- Episode no.: Season 4 Episode 20
- Directed by: Tom Cherones
- Written by: Andy Robin
- Production code: 421
- Original air date: March 18, 1993

Guest appearances
- Susan Walters as Mystery woman; Sherman Howard as Roy; Victor Raider-Wexler as Doctor;

Episode chronology
| ← Previous "The Implant" | Next → "The Smelly Car" |
- Seinfeld season 4

= The Junior Mint =

"The Junior Mint" is the 60th episode of the NBC sitcom Seinfeld. It is the 20th episode of the fourth season. It aired on March 18, 1993. In this episode, Jerry tries to identify the woman he is dating without asking her name, Elaine reconnects with Roy, a painter she left for being fat, and Jerry and Kramer drop a Junior Mint into Roy's body during surgery. This episode won Michael Richards his first Emmy of the series.

==Plot==
Jerry has a first date with a woman he met in the grocery store produce aisle, but can't remember her name. George is notified that his forgotten childhood bank savings account has grown to $1,900, and wants to "parlay" it into a "big score". Jerry bought gloves for Kramer's project to put wood texture across his entire apartment, but Kramer complains that kitchen gloves are not fine enough.

Elaine needs to visit ex-boyfriend Roy, a starving artist, who has been hospitalized for a splenectomy. Having left Roy because he is fat, Elaine has Jerry pretend to be her boyfriend, only to find Roy now slim and fit after starving himself out of heartbreak. Elaine disavows Jerry and invites Roy to a big dinner.

Kramer, who came along to plunder hospital gloves, questions Roy's doctor about a 20/20 report on an unsafe retractor. Thinking he is concerned about Roy, the doctor invites everyone to watch Roy's surgery from the operating theater gallery.

George has rented Home Alone to help him understand Home Alone 2, but watches it alone at Jerry's place to feel like he is out and about. Jerry shames him for crying at the movie. George believes Elaine has fallen for the Florence Nightingale effect, but confuses Nightingale for Clara Barton. He brings even more movies to Jerry's.

Jerry insists that he can learn his date's name without asking, but only finds out that she was teased as a child by rhyming her name with a female body part. George brainstorms non-names like "Hest" and "Mulva" for Jerry. Kramer drags Jerry to the splenectomy, where, while the retractor is in place, Jerry fights off Kramer pushing a Junior Mint on him, sending the candy flying off the balcony and into the open incision on Roy.

After no one else notices what happened, the doctors are baffled by Roy's post-surgery prognosis being negative. Kramer forbids Jerry from confessing their guilt, while George, speculating on Roy's death, spends his $1,900 on Roy's paintings of triangles.

Jerry fails to identify his date by searching her purse or having Kramer and George introduce themselves to her, but he is spooked by her offering Junior Mints. When he tries to confess to the hospital, he learns Roy has recovered, sinking George's bet. Roy gratefully credits George's purchase for spurring his recovery, but his doctor speculates that "something from above" intervened to stop Roy's infection. Seeing Roy ravenously gorge himself, Elaine enlists Jerry's help once more to back out of dinner with Roy.

Jerry tries to read his date's name from her copy of Playbill autographed by Olympia Dukakis. She realizes he has been bluffing her all along, and walks out.
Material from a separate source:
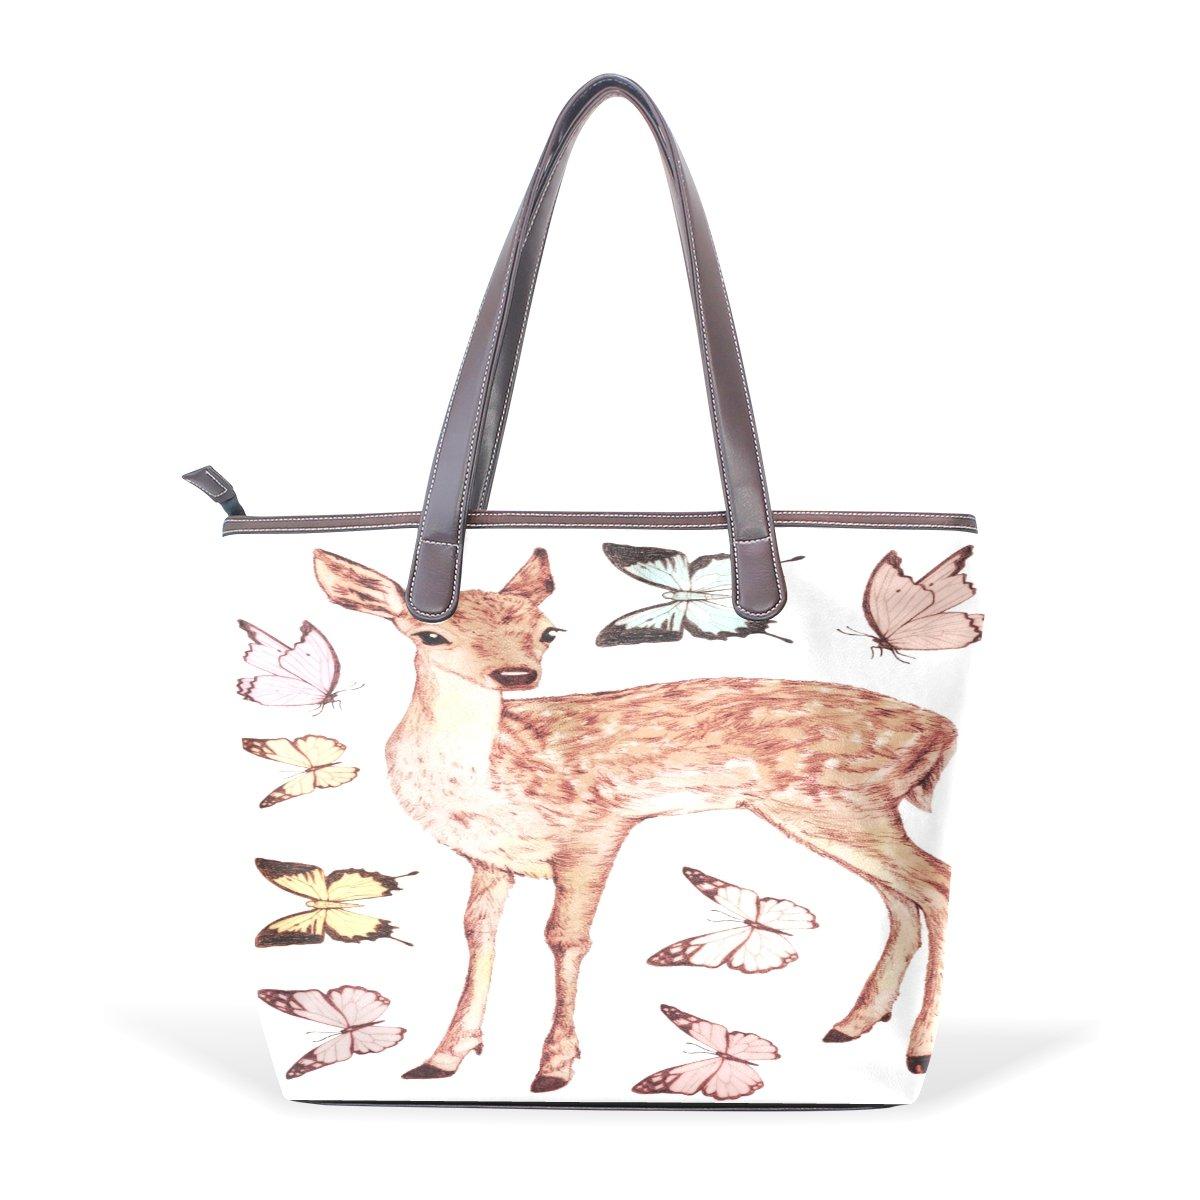 SCDS Butterfly And Deer PU Leather Lady Handbag Tote Bag Zipper Shoulder Bag

Jerry finally deduces, too late, that her name is Dolores (rhyming with clitoris).

==Production==
According to the "Inside Look" from the DVD, the writers had trouble coming up with a name for Jerry's girlfriend, initially settling upon "Cloris." When filming the episode, a comedian would warm up the studio audience in between filming scenes and, as an exercise, asked audience members to guess Jerry's girlfriend's name; one audience member guessed Dolores, which was deemed a better fit than their first choice. Jerry Seinfeld approved of it in time to add it to the script and the scene was shot with that being the character's name. Afterwards, a producer for the show was amused to overhear the audience member's husband saying, "You guessed right!"

Jerry's line concerning Roy, "Then we can go watch 'em slice this fat bastard up," was improvised by Seinfeld.

A York Peppermint Pattie was used for filming the scene in the operating theater, as a Junior Mint was too small for the camera.

==In popular culture==
The episode was mentioned on the Family Guy episode "E. Peterbus Unum." The scene with the Junior Mint falling into the patient is shown on episode five of The Orville.

The episode was referenced in the case Mackenzie v. Miller Brewing Co., where the plaintiff, Jerold J. Mackenzie, was fired for "poor management judgment" after discussing the episode's references to female sexual anatomy.